▶ **Data segment**:
■ ■ ■ ■

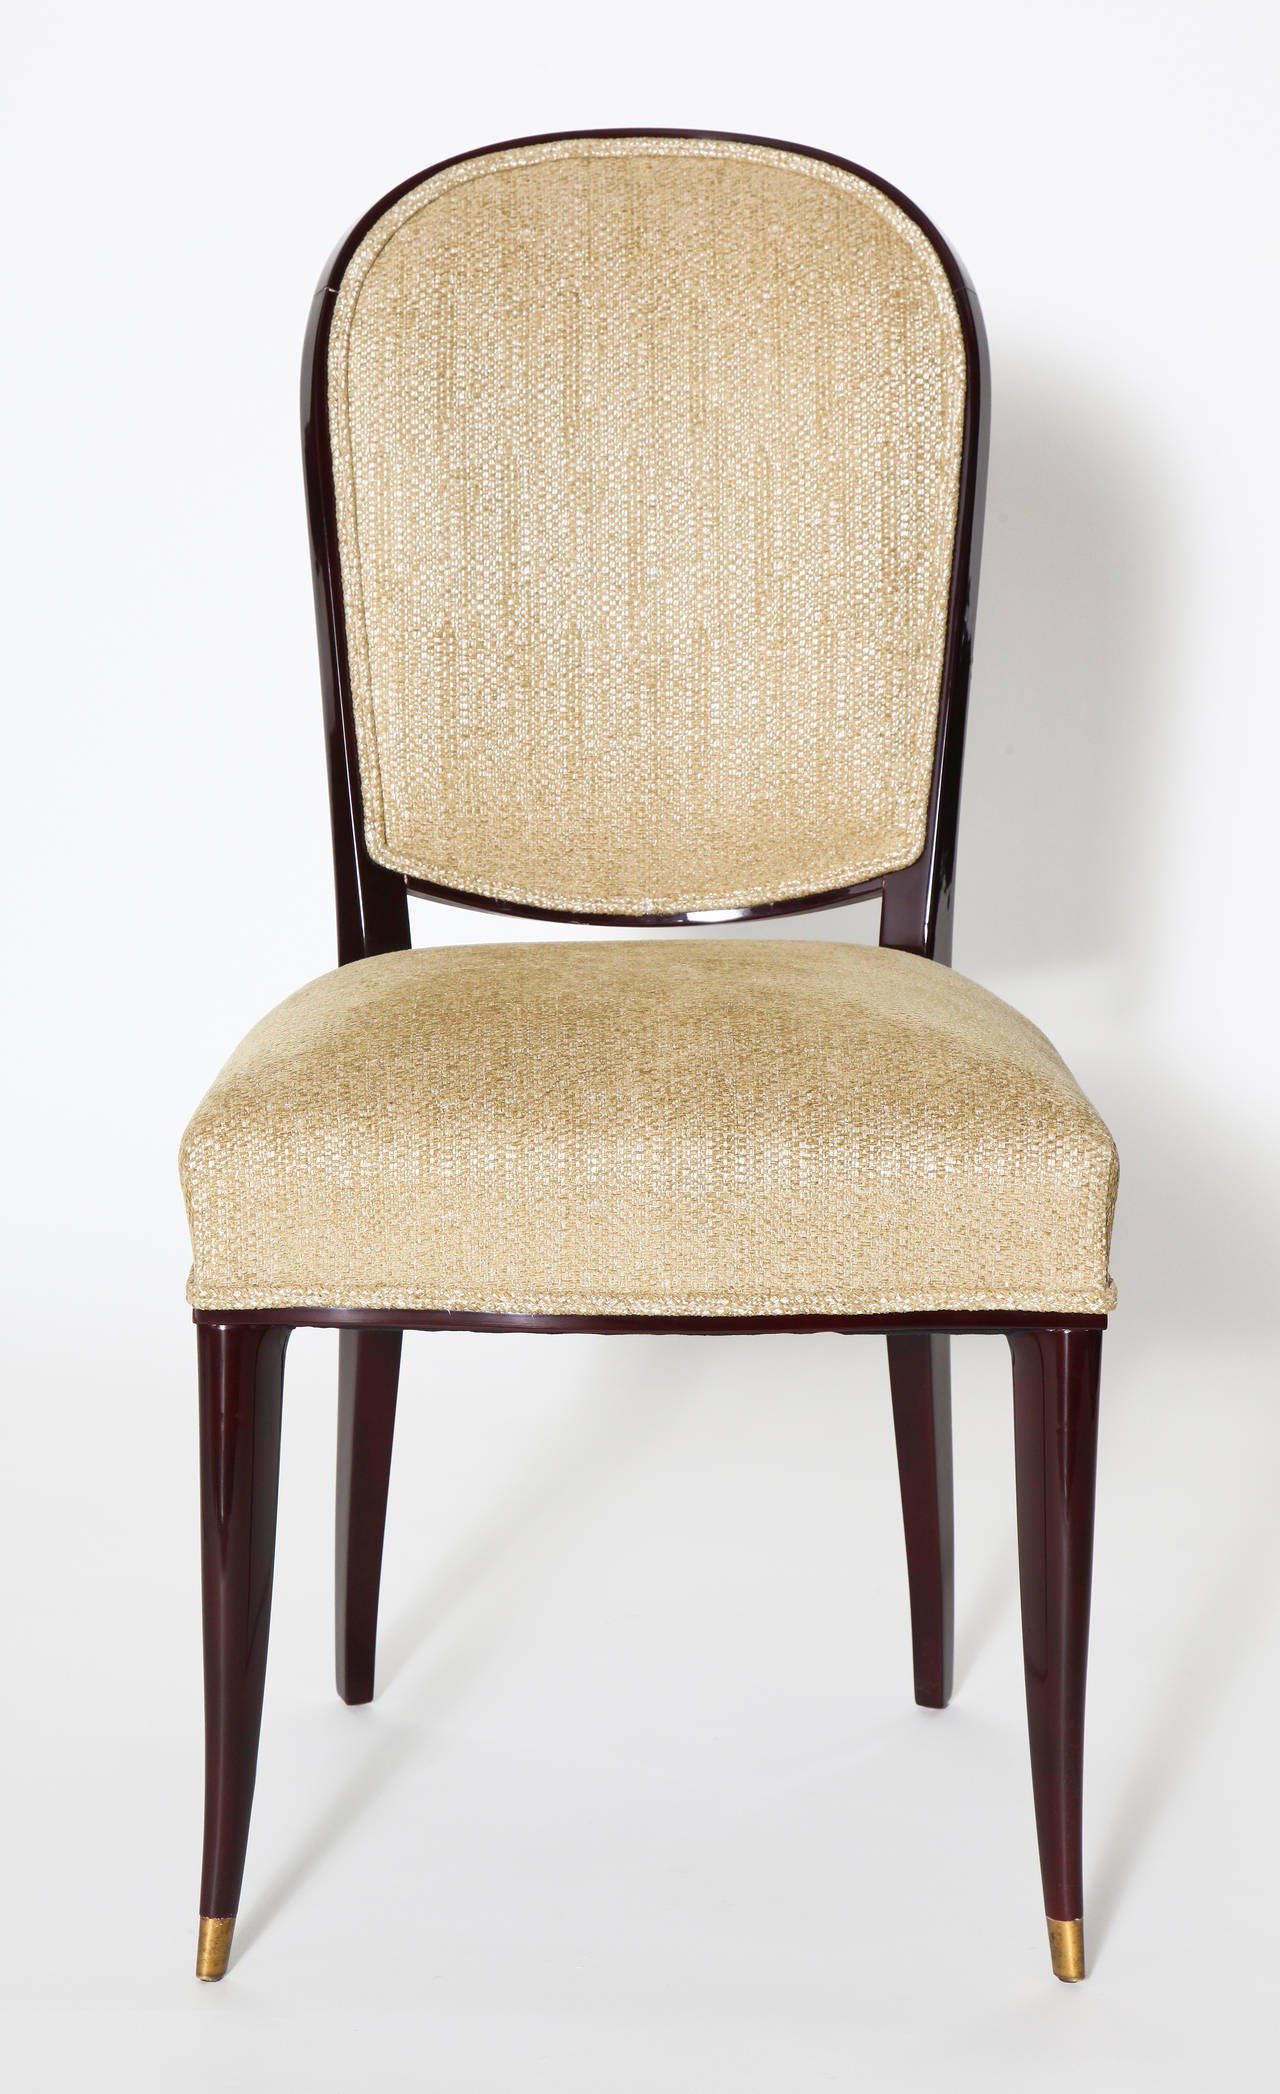 Pair of dining chairs in original Beka lacquer by Sain and Tambute´, with gilt bronze sabots. Each chair is numbered: 33341 through 33348

For an illustration of a similar model, see Siriex, Franc¸oise. The House of Leleu. New York: Hudson Hills
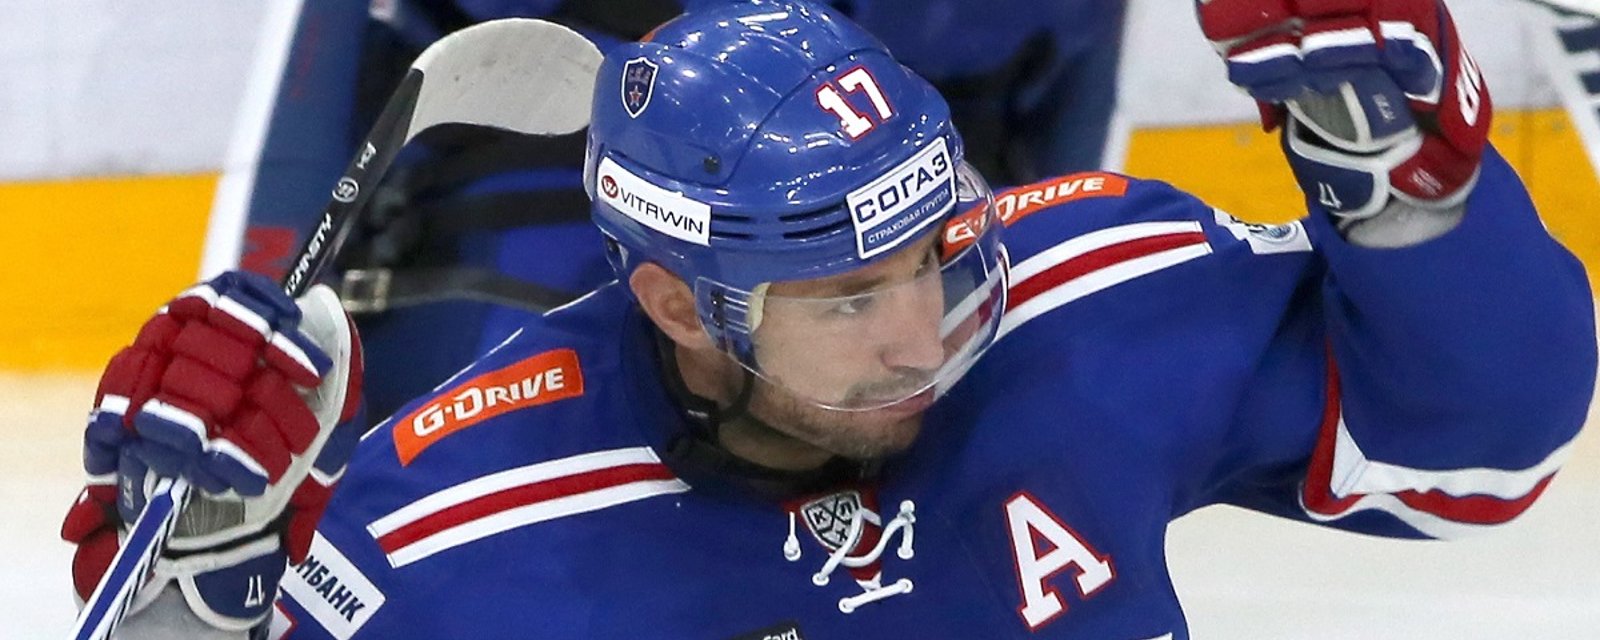 Breaking: Conflicting reports claim Ilya Kovalchuk has made his decision!
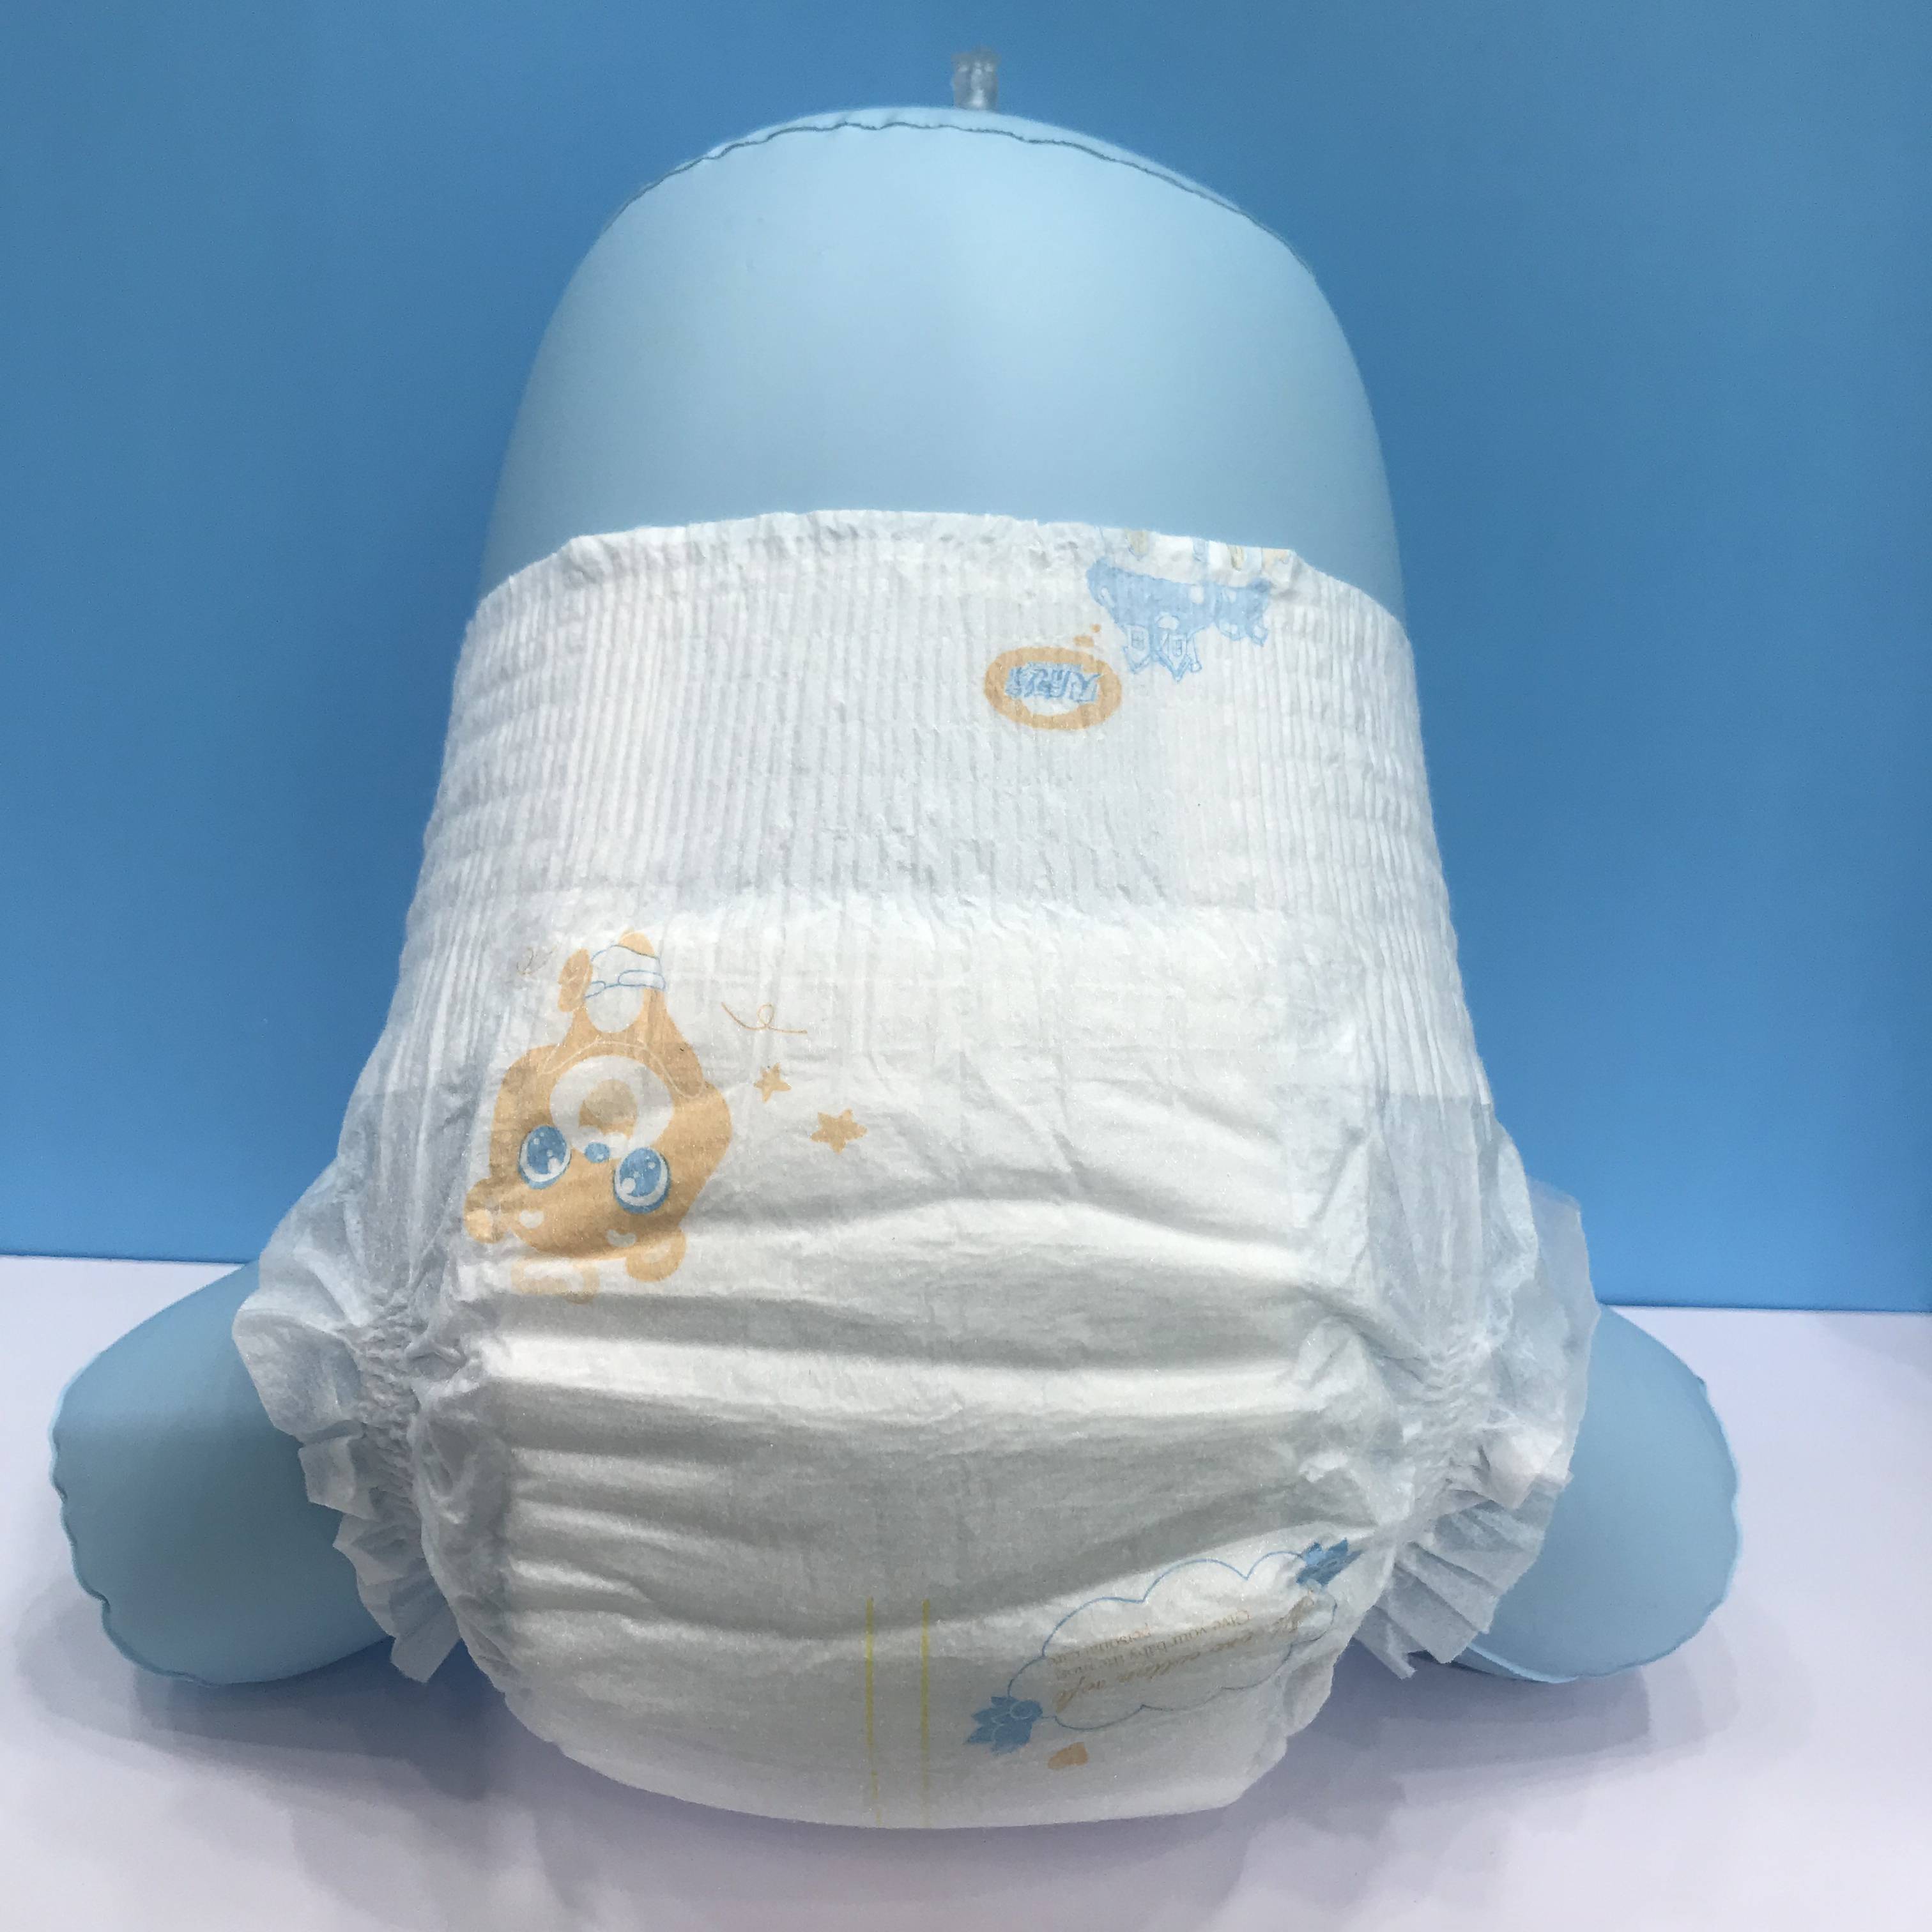 Best Selling Products Low Price Baby Diaper Manufacturer

■ ■ ■ ■

▶ **Exercise**: The data above must be copied exactly. Leave out the pictures.

▶ **Exercise answer**:
 Pair of dining chairs in original Beka lacquer by Sain and Tambute´, with gilt bronze sabots. Each chair is numbered: 33341 through 33348

For an illustration of a similar model, see Siriex, Franc¸oise. The House of Leleu. New York: Hudson Hills
 Breaking: Conflicting reports claim Ilya Kovalchuk has made his decision!
 Best Selling Products Low Price Baby Diaper Manufacturer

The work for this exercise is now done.